## ACTION ITEM
Please repeat, exactly as they stand, the line containing "Lets Express 0.1019047619 as afraction" and the lines after it through the final line of the listing below, minus pictures.

(PROVIDED DATA begins)

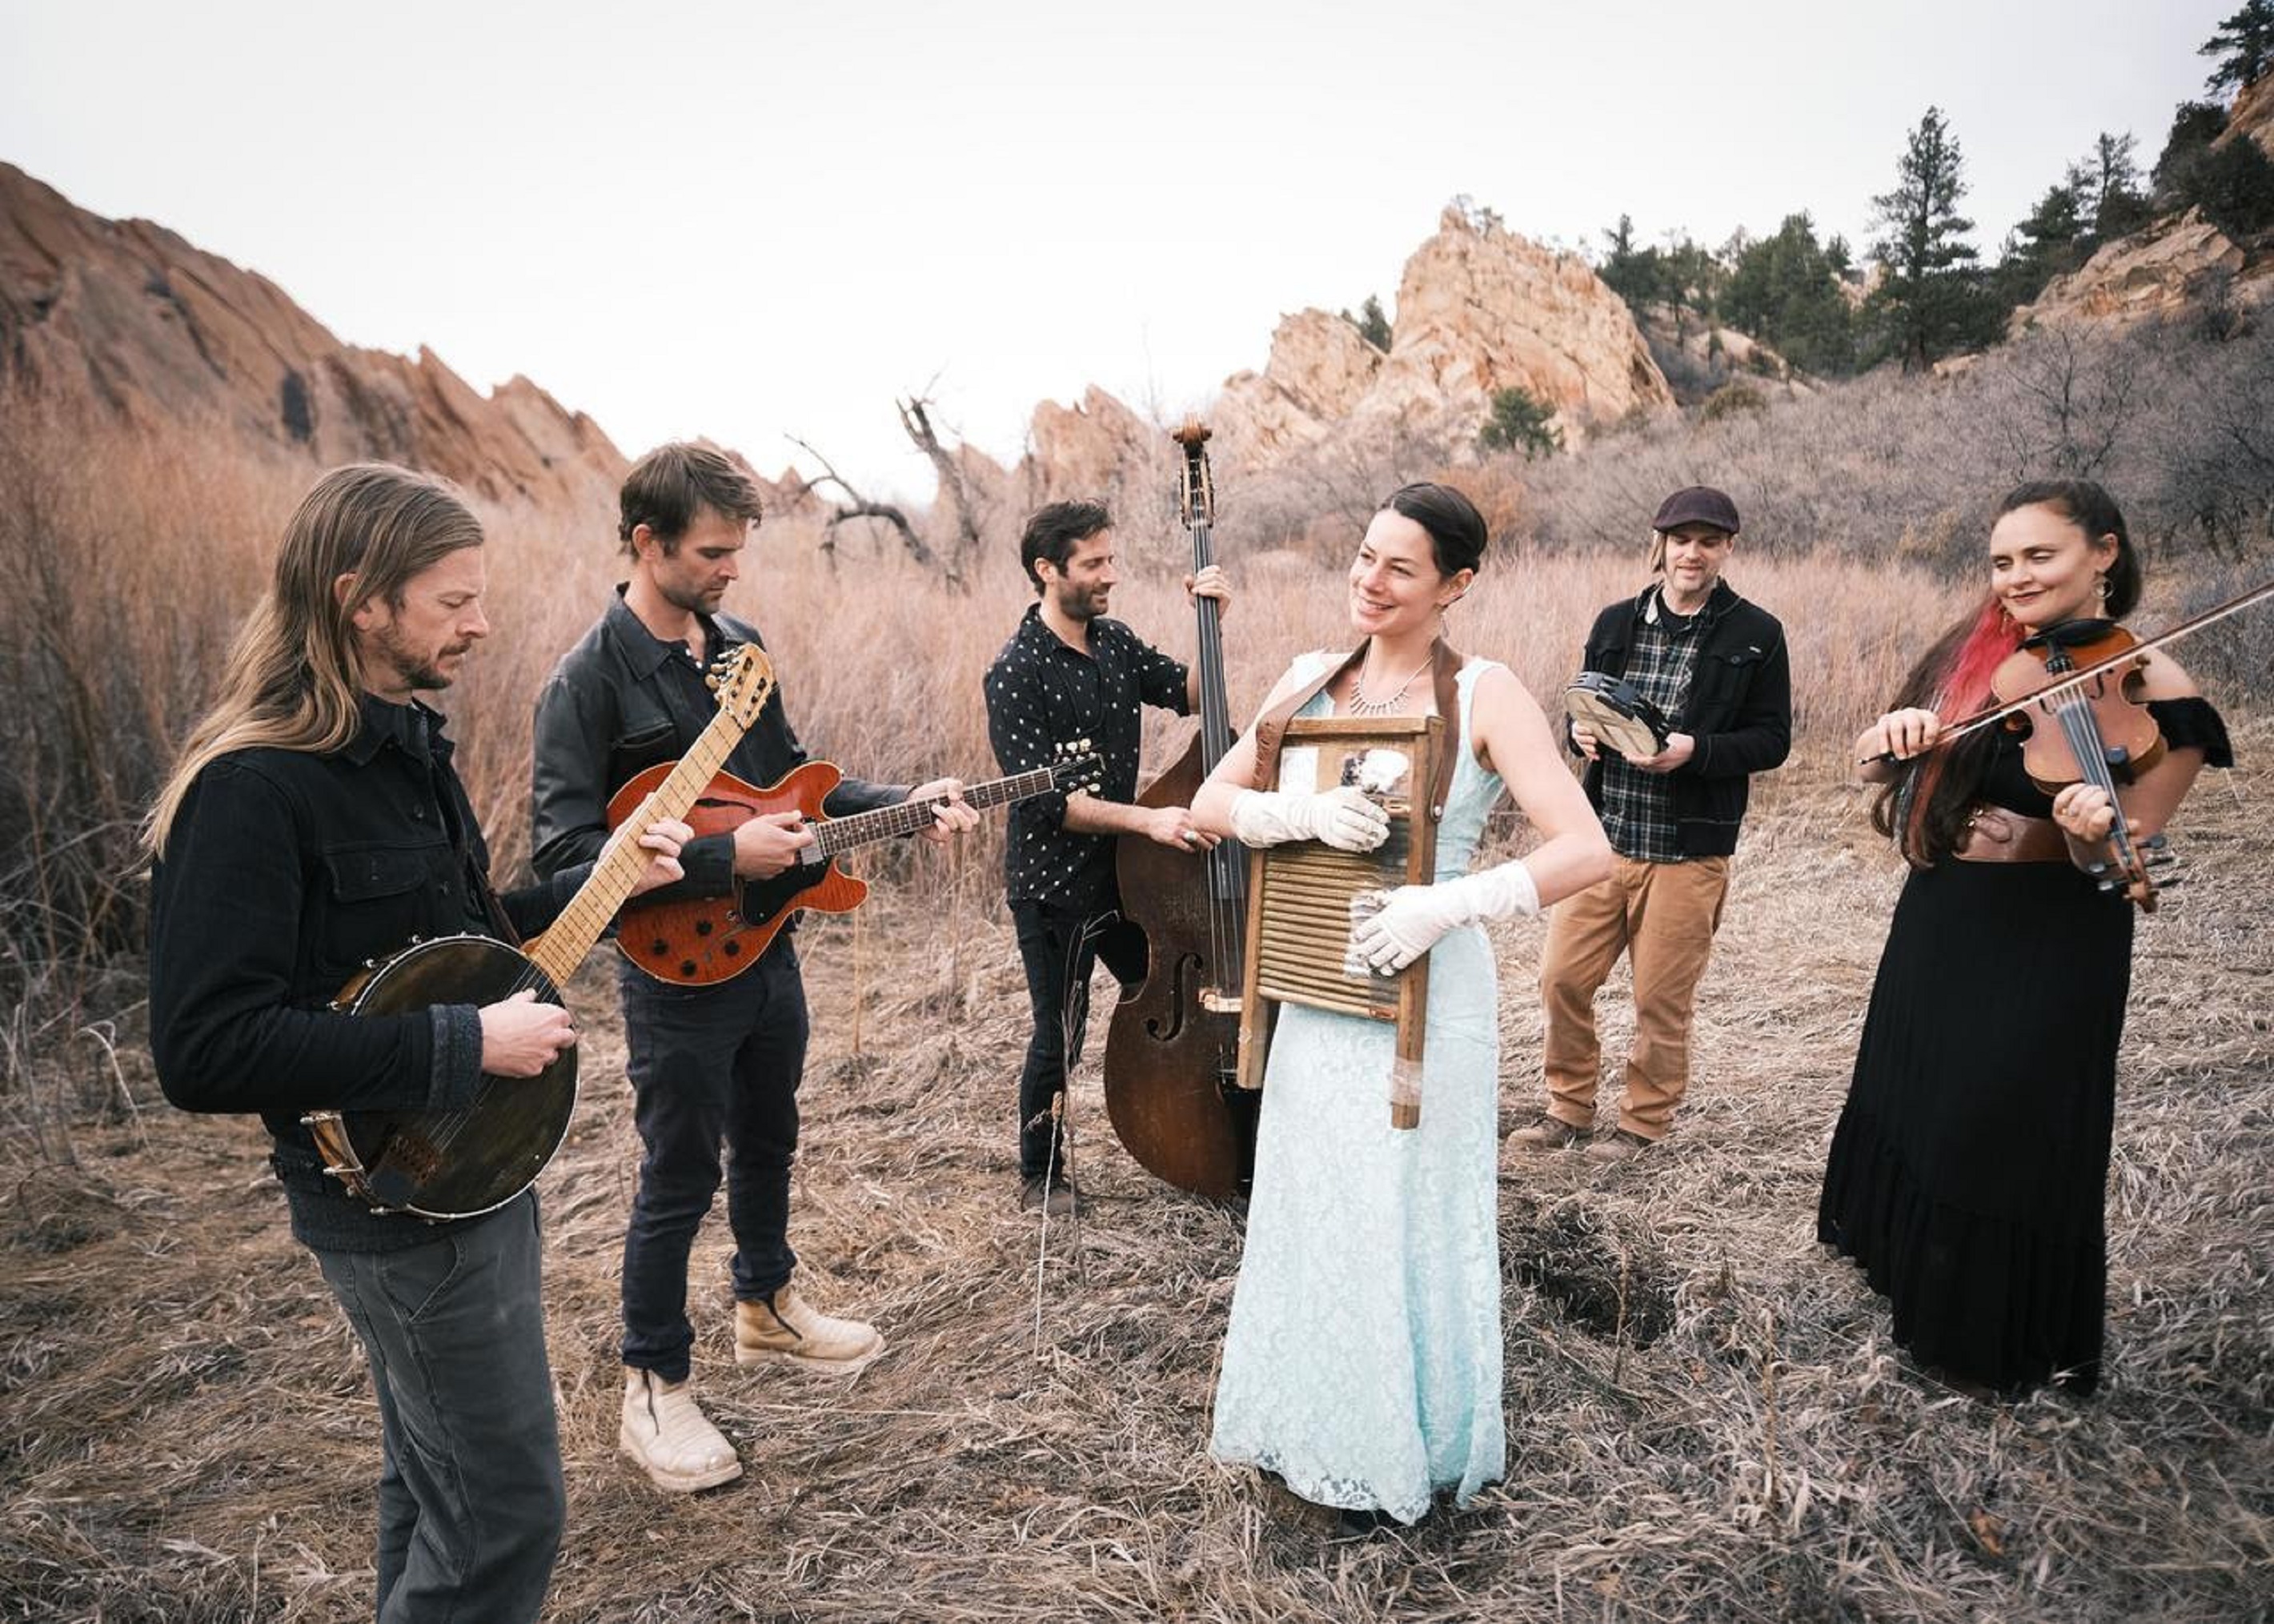 Elephant Revival Returns to Planet Bluegrass in Lyons August 19 for a Special Hometown Performance
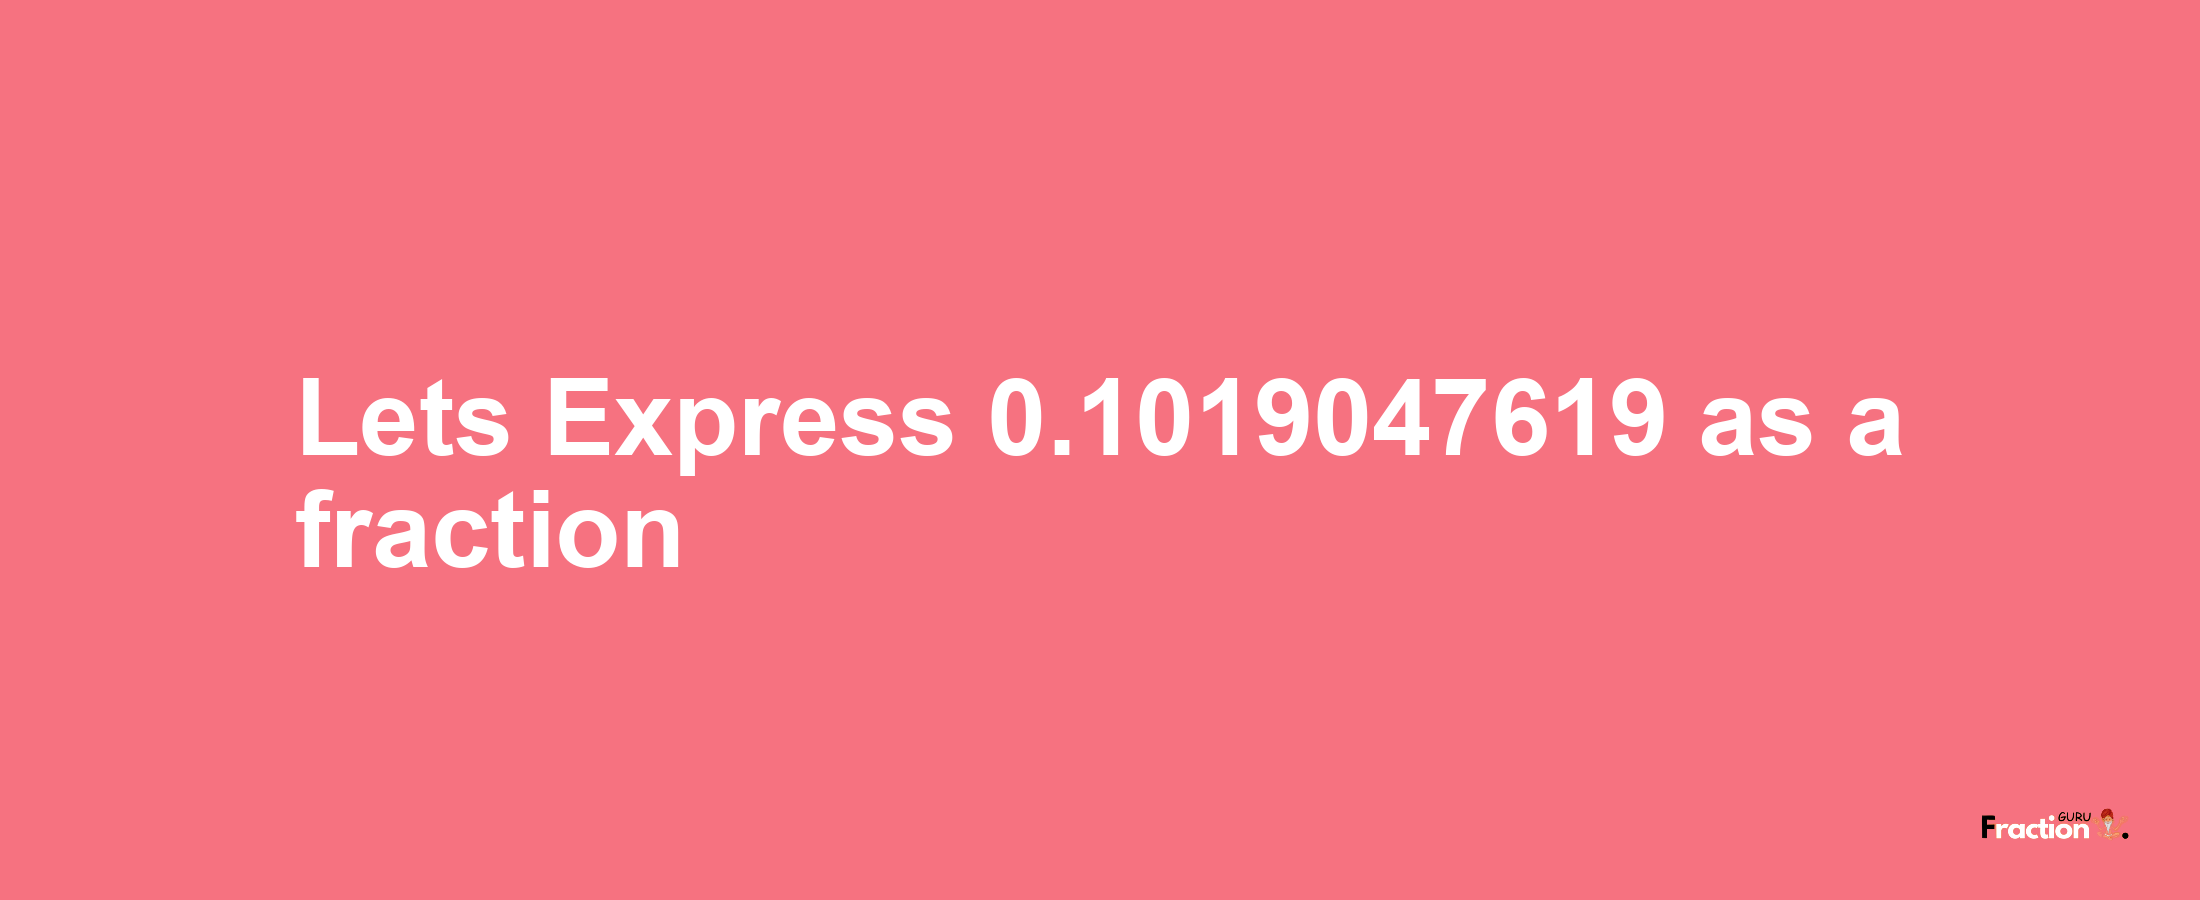 Lets Express 0.1019047619 as afraction
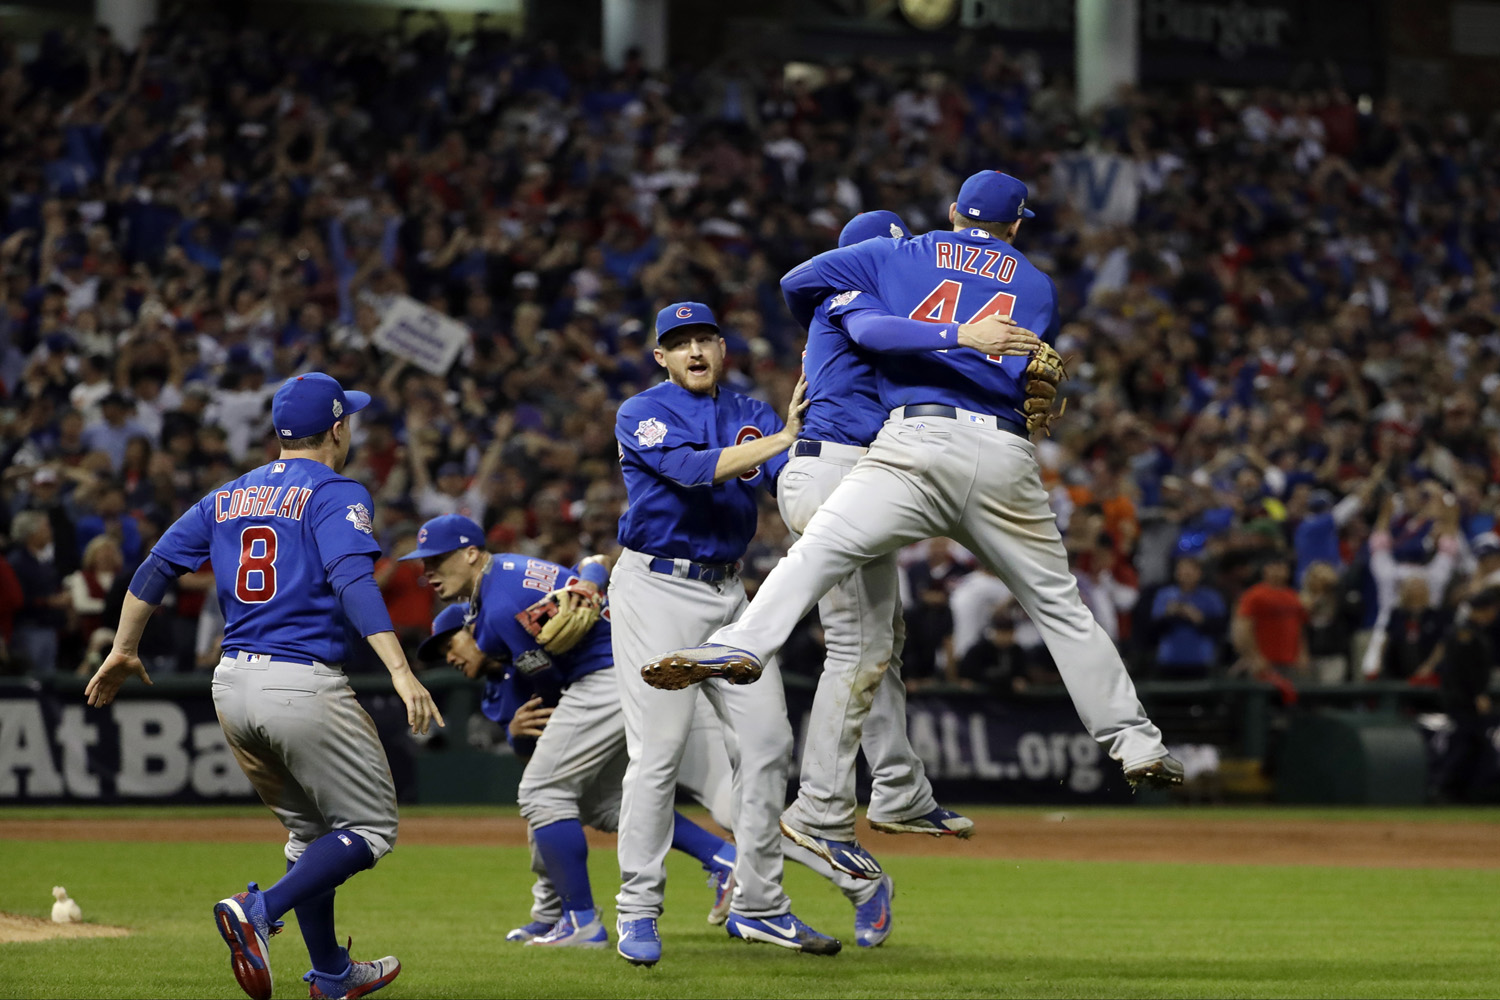 Week In The News Cubs Win, Election Countdown, Moves On Mosul On Point

(PROVIDED DATA ends)

## TASK RESULT
 Lets Express 0.1019047619 as afraction
 Week In The News Cubs Win, Election Countdown, Moves On Mosul On Point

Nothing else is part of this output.